**Study material:**
------------------------------
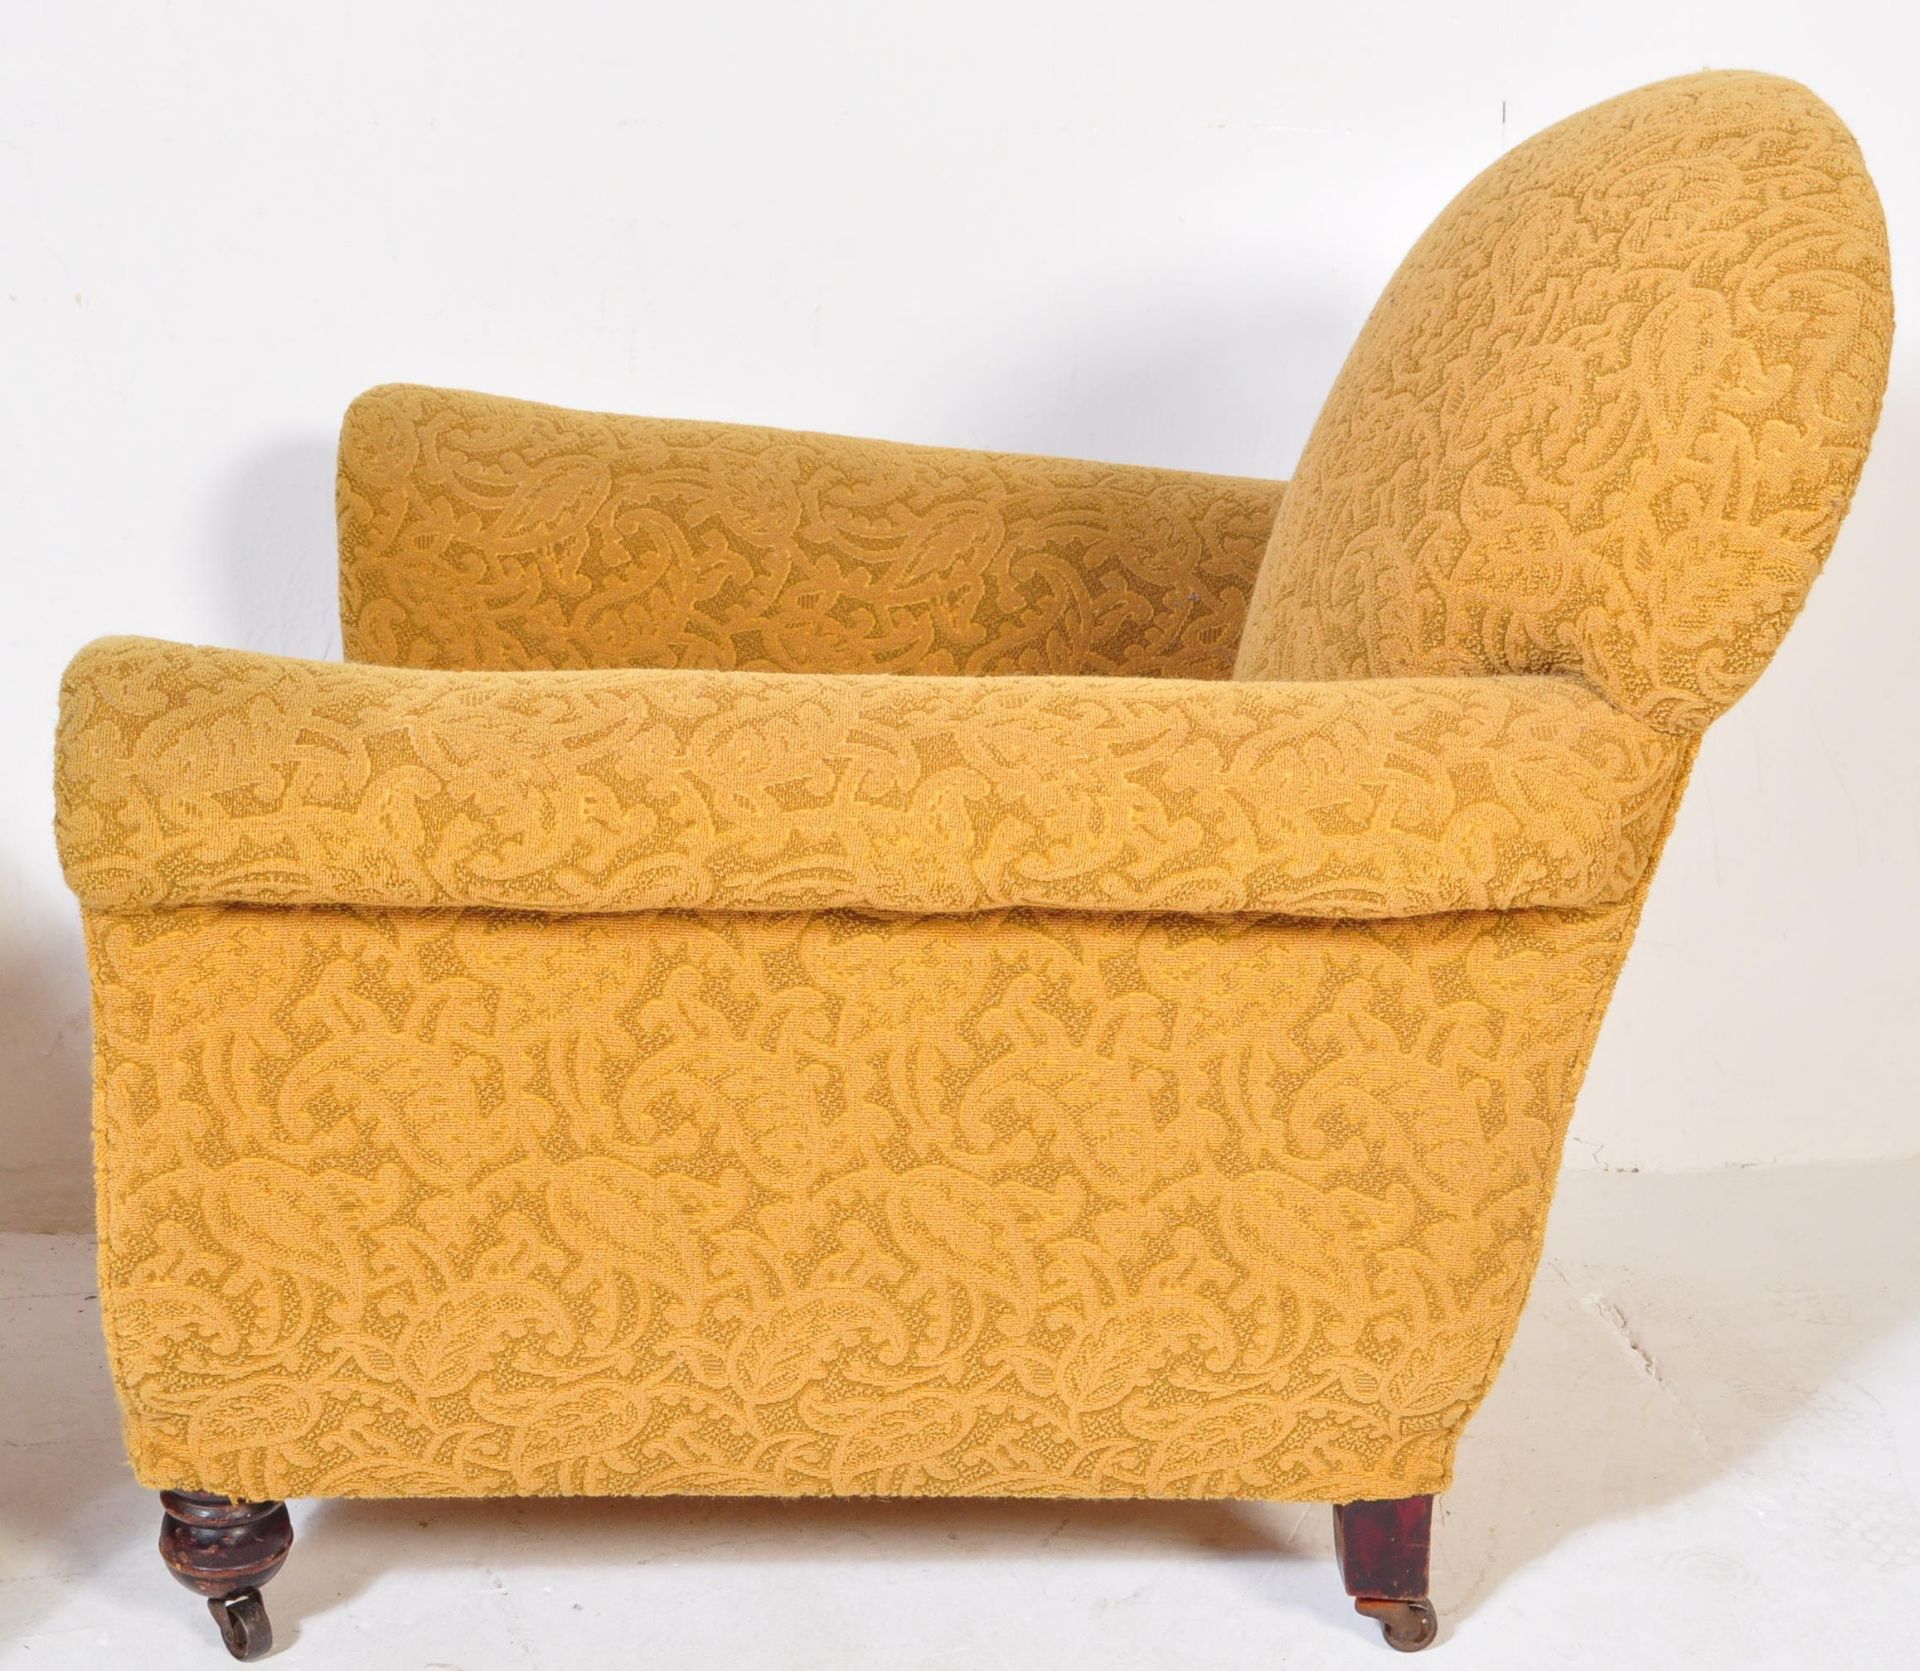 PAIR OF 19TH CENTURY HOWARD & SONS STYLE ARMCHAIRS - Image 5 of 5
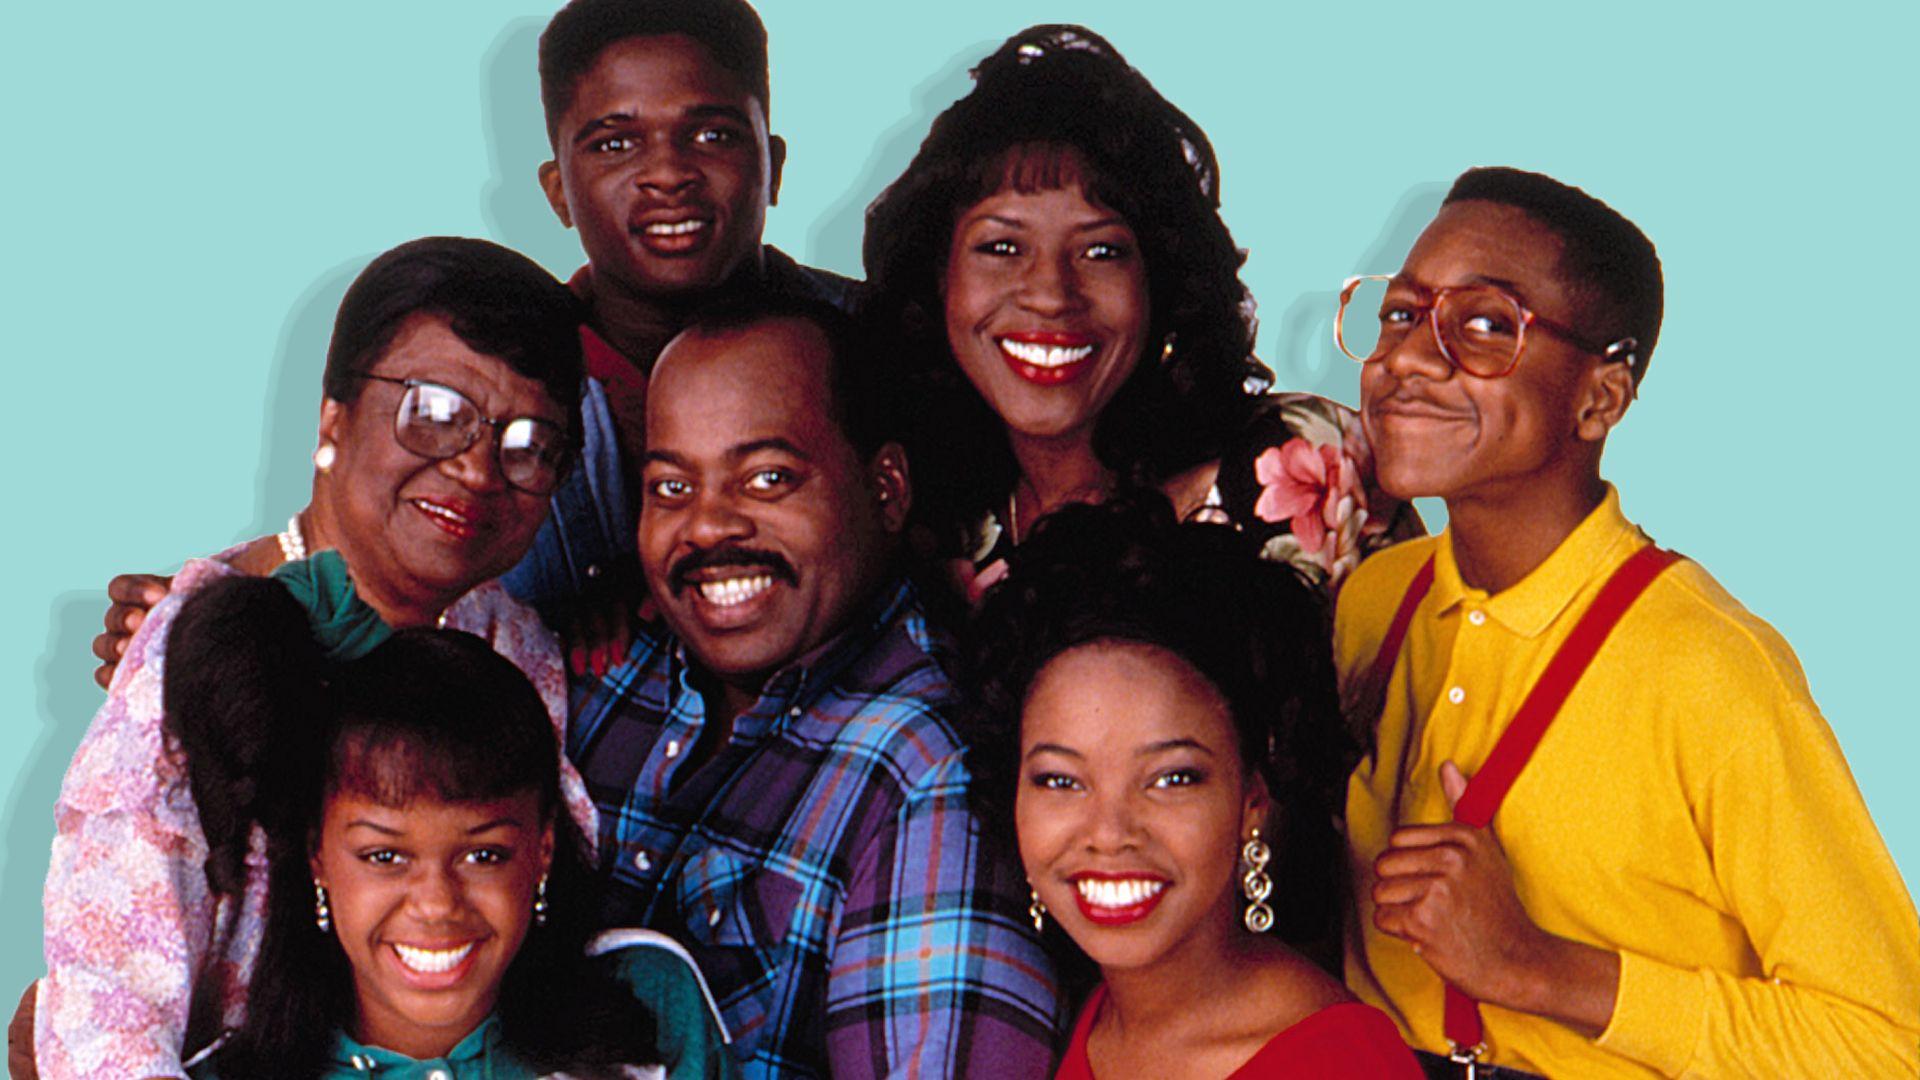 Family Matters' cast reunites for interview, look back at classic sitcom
------------------------------
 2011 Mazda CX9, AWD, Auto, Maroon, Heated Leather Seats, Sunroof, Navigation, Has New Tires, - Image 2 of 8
------------------------------
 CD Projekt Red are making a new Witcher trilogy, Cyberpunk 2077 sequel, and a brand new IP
------------------------------
With the pictures removed, print only the lines starting at the line that has "PAIR OF 19TH" and ending at the line that has "Family Matters' cast", both ends included, exactly as they stand above.

 PAIR OF 19TH CENTURY HOWARD & SONS STYLE ARMCHAIRS - Image 5 of 5
 Family Matters' cast reunites for interview, look back at classic sitcom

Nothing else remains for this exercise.